Однако по-прежнему оставалась опасность, что неприятель попытается сделать ночной переход, так что на следующее утро в лагере никто не медлил. Едва забрезжил рассвет, как людям раздали завтрак, состоящий из лепешек и твердого желтого сыра, и не успело еще солнце как следует подняться над лесом, венчающим гребень противоположного склона, как мы уже были на боевых
На дальнем левом фланге, как мне было известно, ждал со своим крылом конницы Бедуир, так же как я ждал здесь, справа, с другим крылом.
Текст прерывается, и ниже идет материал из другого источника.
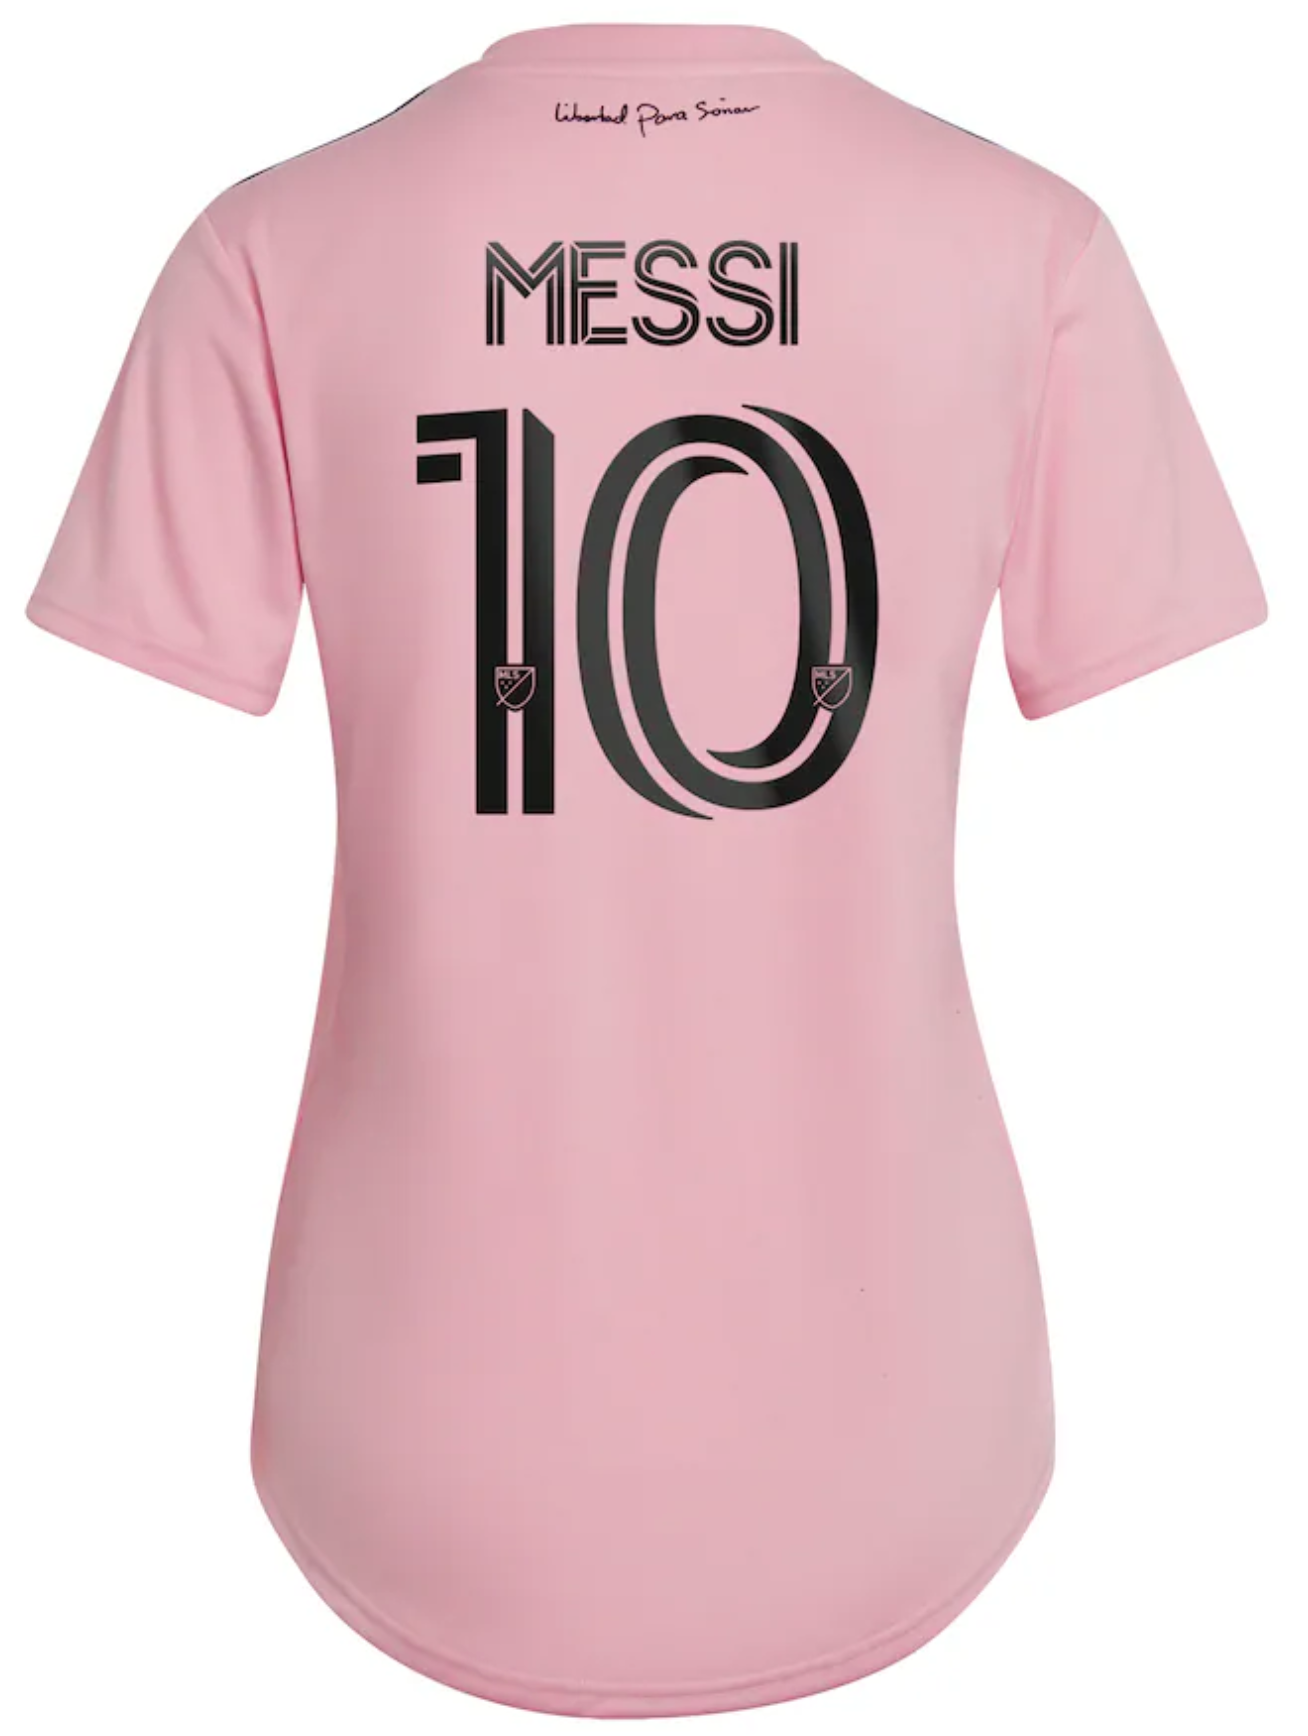 Replica Adidas MESSI #10 Argentina Away Soccer Jersey 2020

За нашими спинами, среди деревьев, стоял Фульвий с резервами, а по другую сторону долины, в лесах, на солидном расстоянии от линии саксонского наступления, лежал в засаде Кей — абсолютно трезвый, потому что он сдержал данное мне обещание насчет верескового пива, — с еще одним эскадроном в пятьдесят или около того местных всадников, готовый ударить по Морским Волкам с тыла или перерезать им отступление, когда придет время.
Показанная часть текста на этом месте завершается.